All of the listing is to be written out word for word, with the pictures left out.

| INFORMATION PROVIDED |
=== Section Start ===

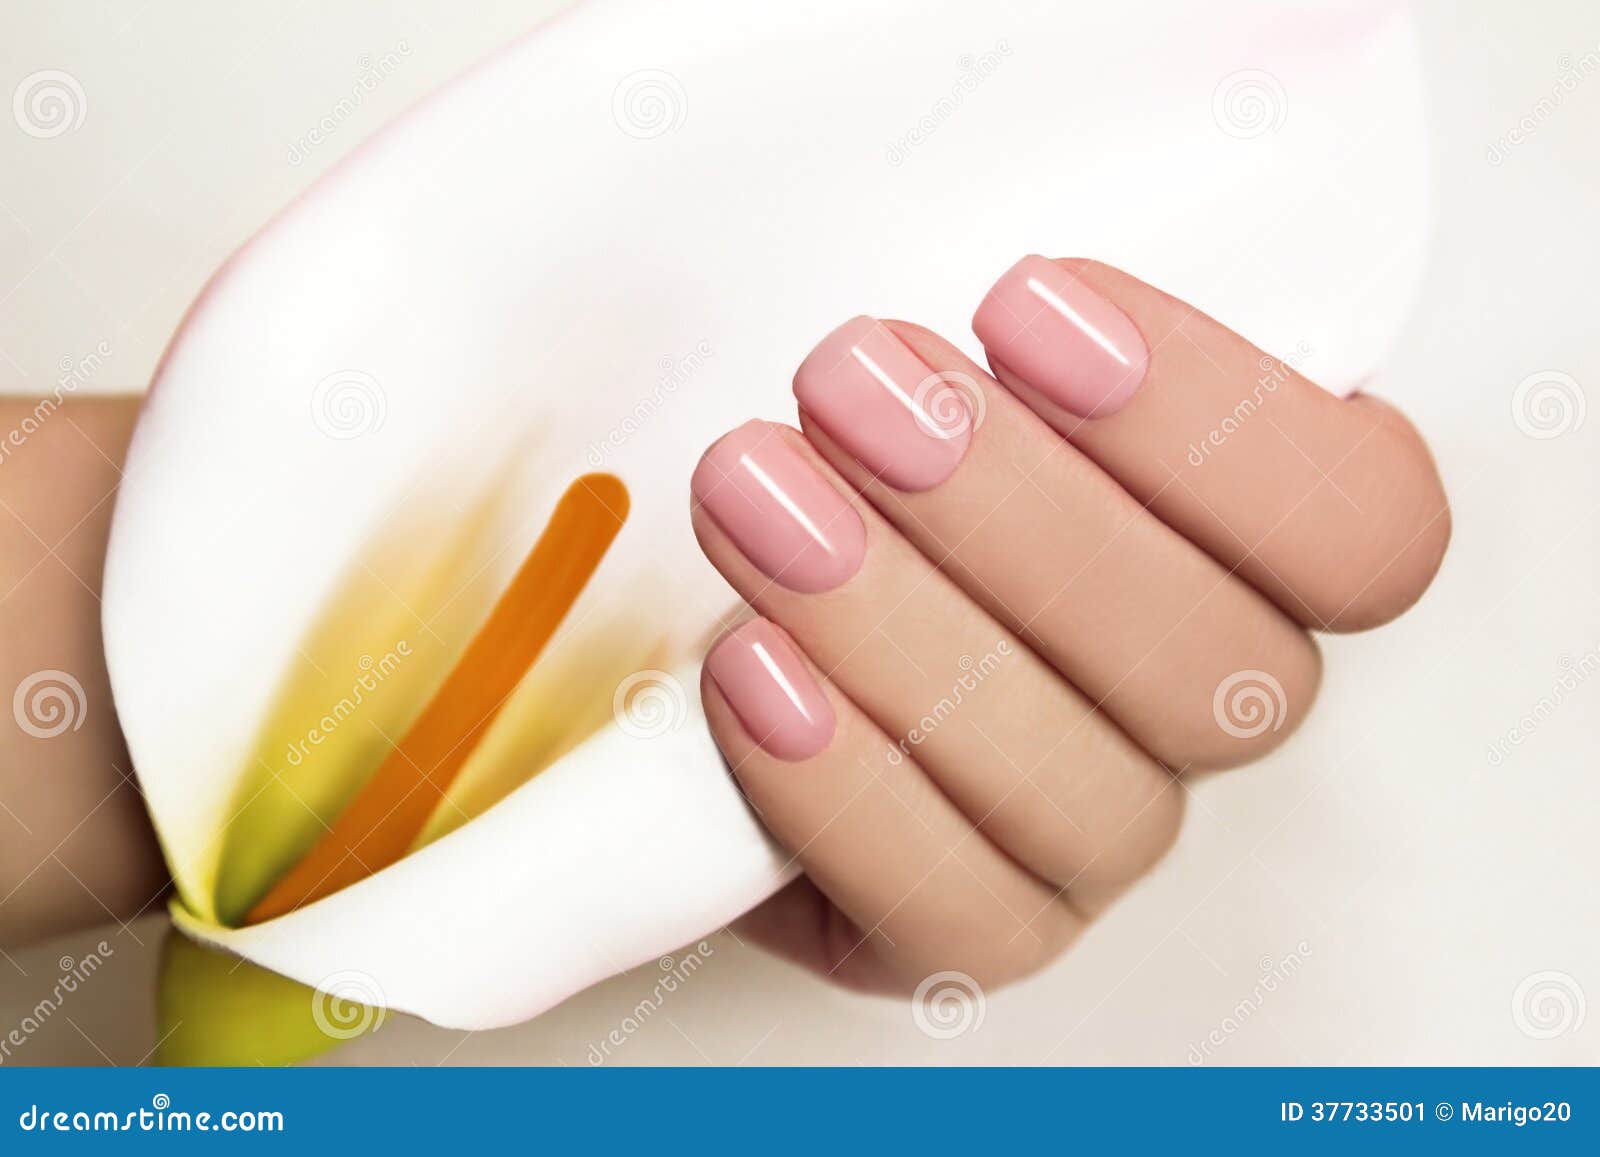 manicure with gel coating .
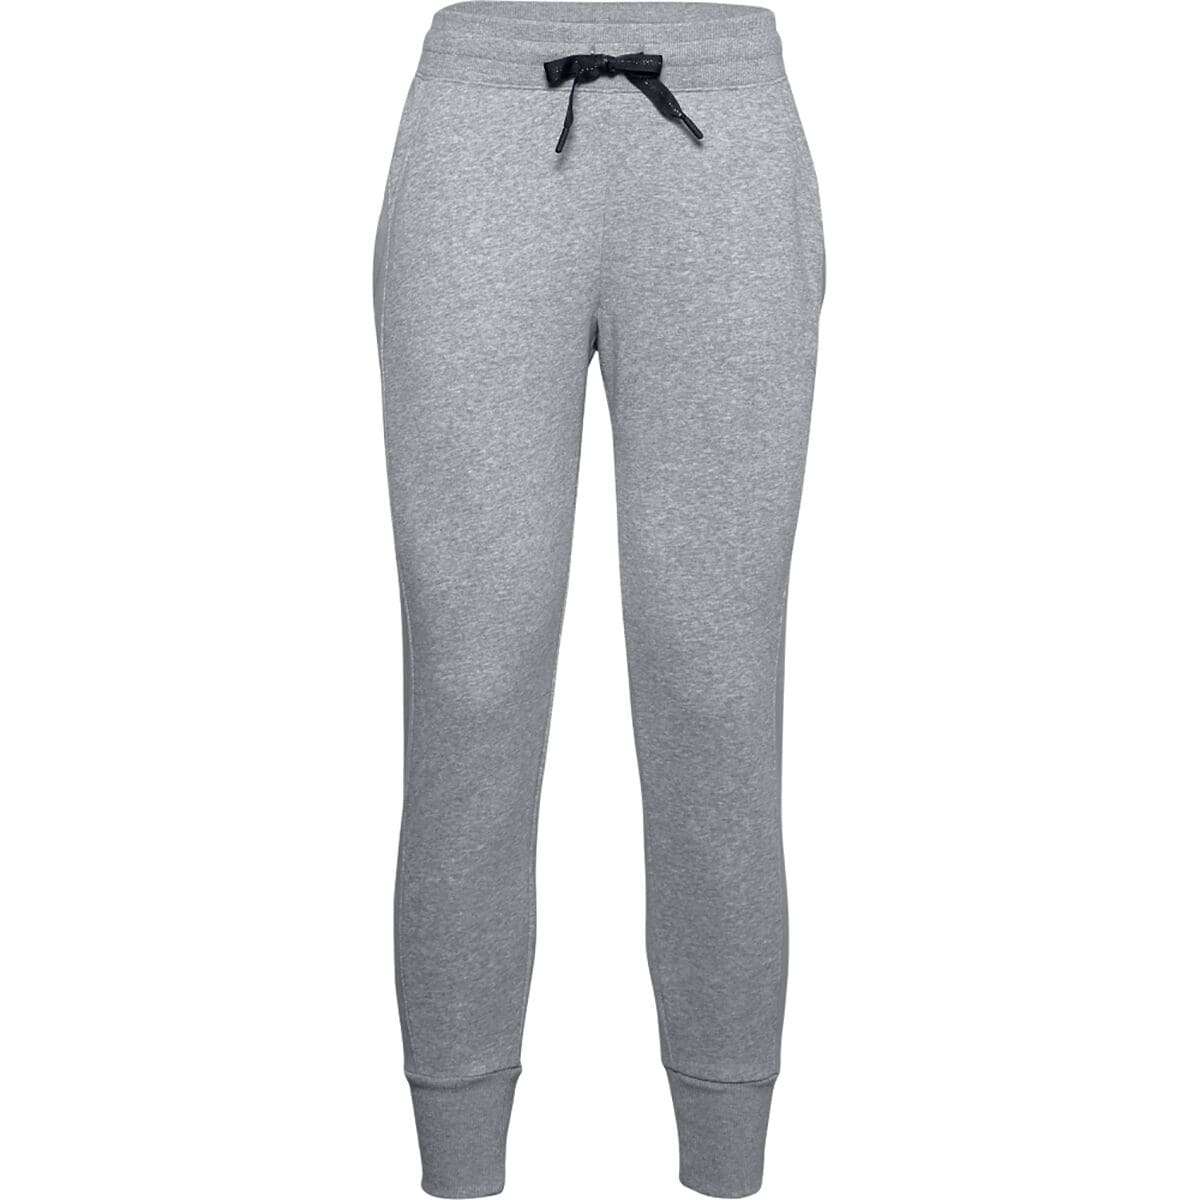 Under Armour Rival Fleece EMB Pant - Women's - Clothing
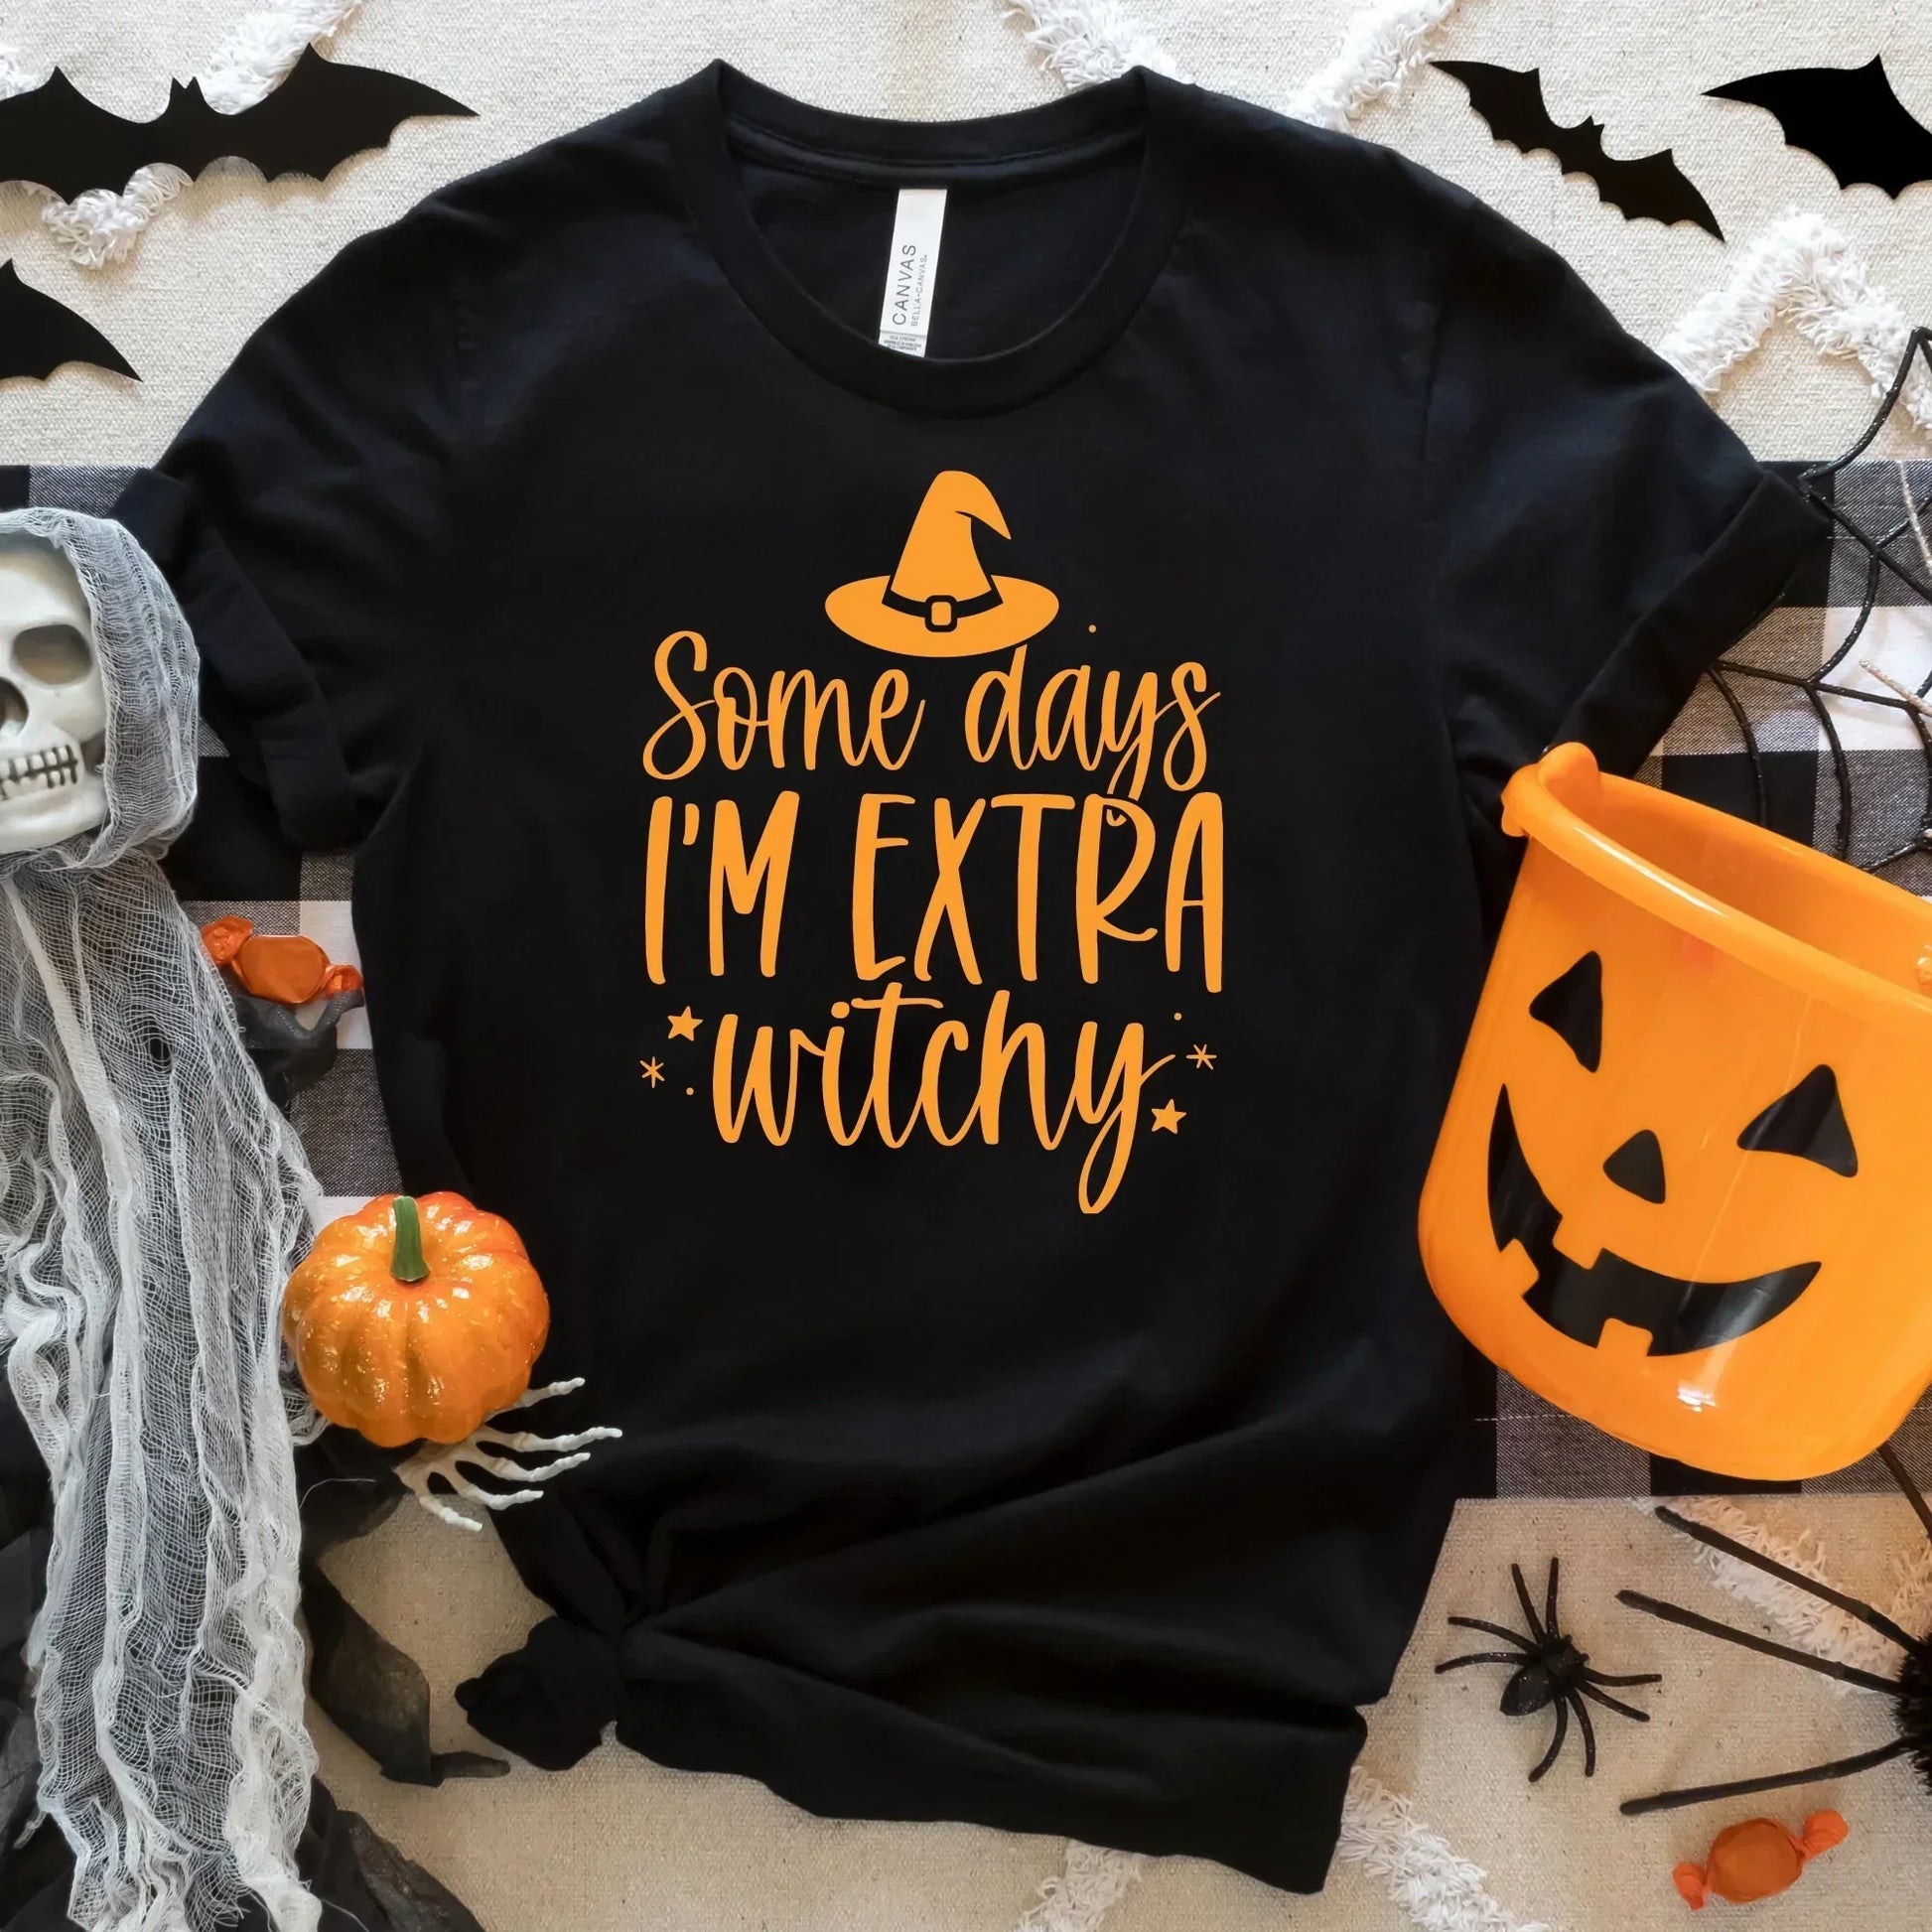 Halloween Sweatshirt, Extra Witchy woman, Witch Shirt, Halloween Crewneck, Funny Halloween Party, Cute Halloween Hoodie, Halloween Cat Shirt HMDesignStudioUS
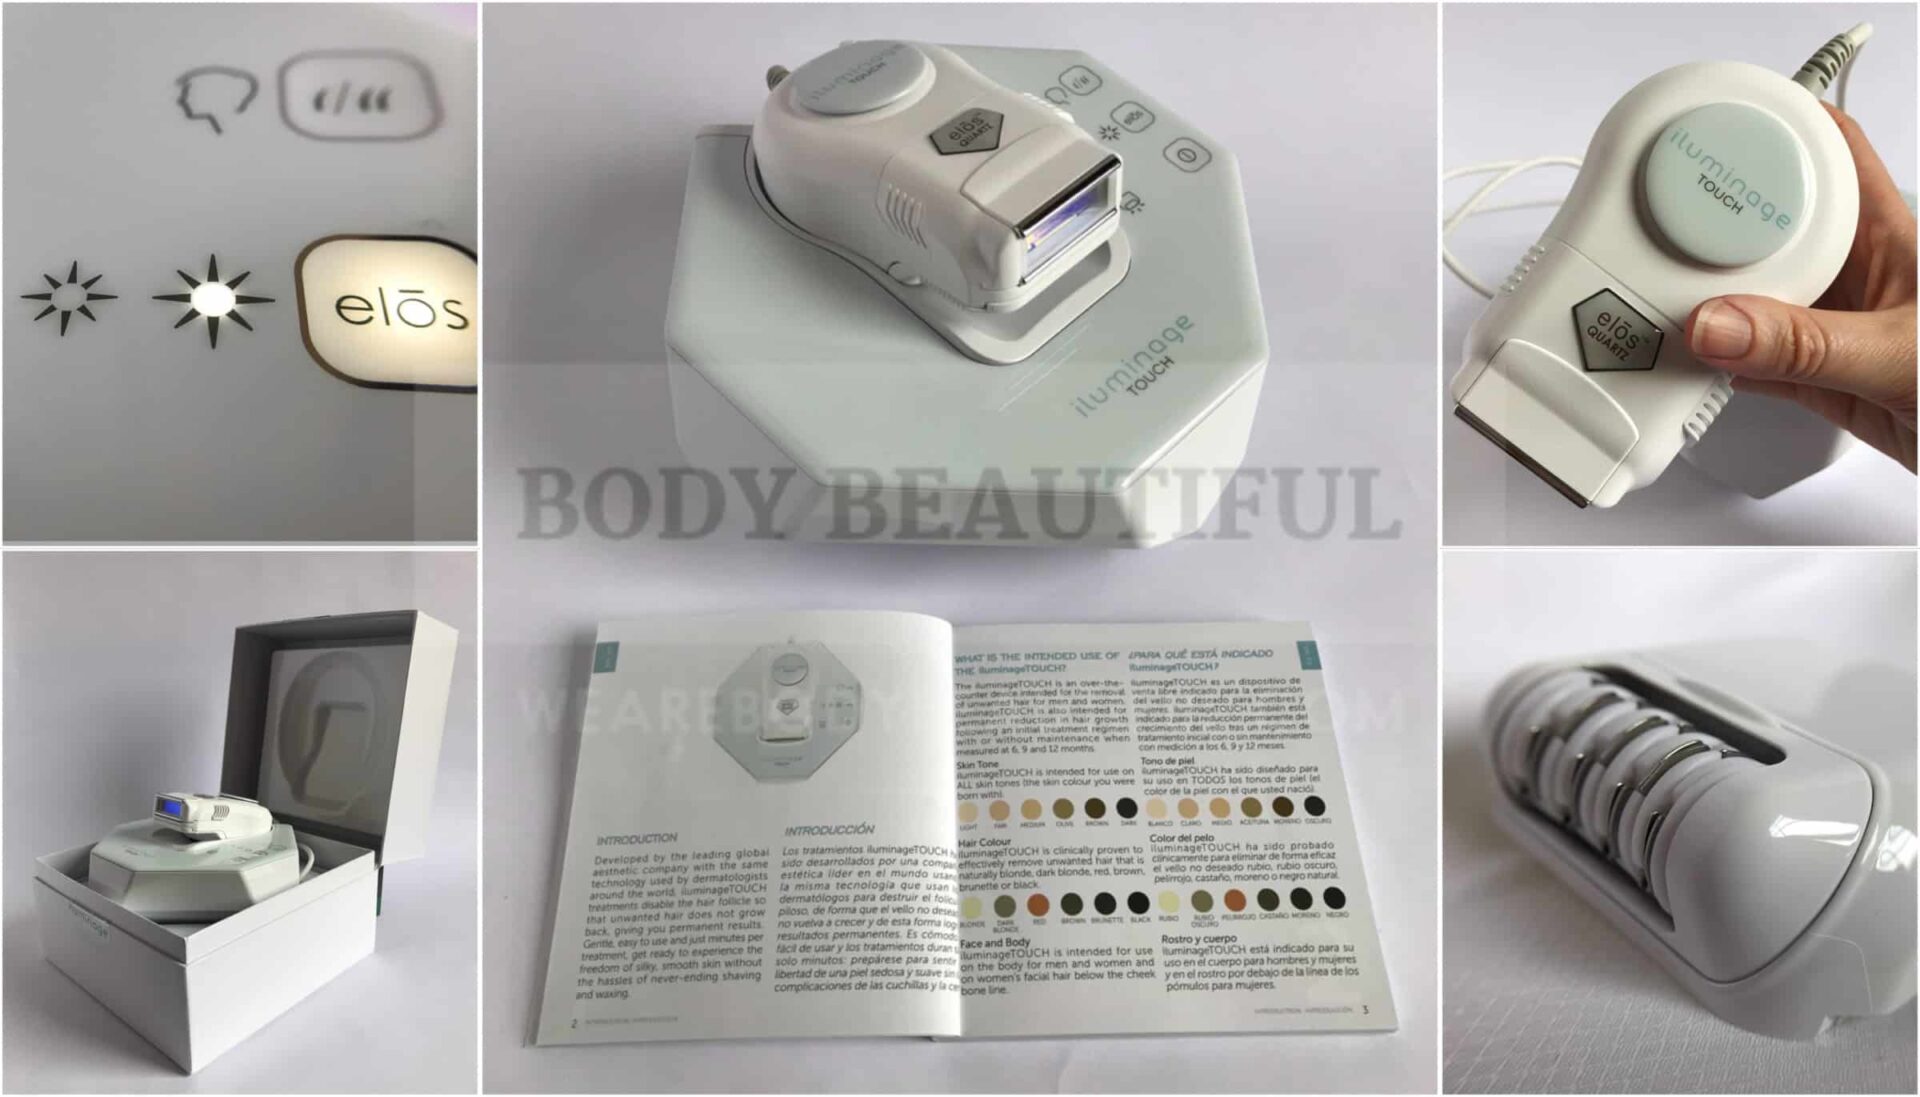 Iluminage Touch IPL & RF hair removal device reviewed by WeAreBodyBeautiful.com

=== Section End ===

| YOUR RESPONSE |
 manicure with gel coating .
 Under Armour Rival Fleece EMB Pant - Women's - Clothing
 Halloween Sweatshirt, Extra Witchy woman, Witch Shirt, Halloween Crewneck, Funny Halloween Party, Cute Halloween Hoodie, Halloween Cat Shirt HMDesignStudioUS
 Iluminage Touch IPL & RF hair removal device reviewed by WeAreBodyBeautiful.com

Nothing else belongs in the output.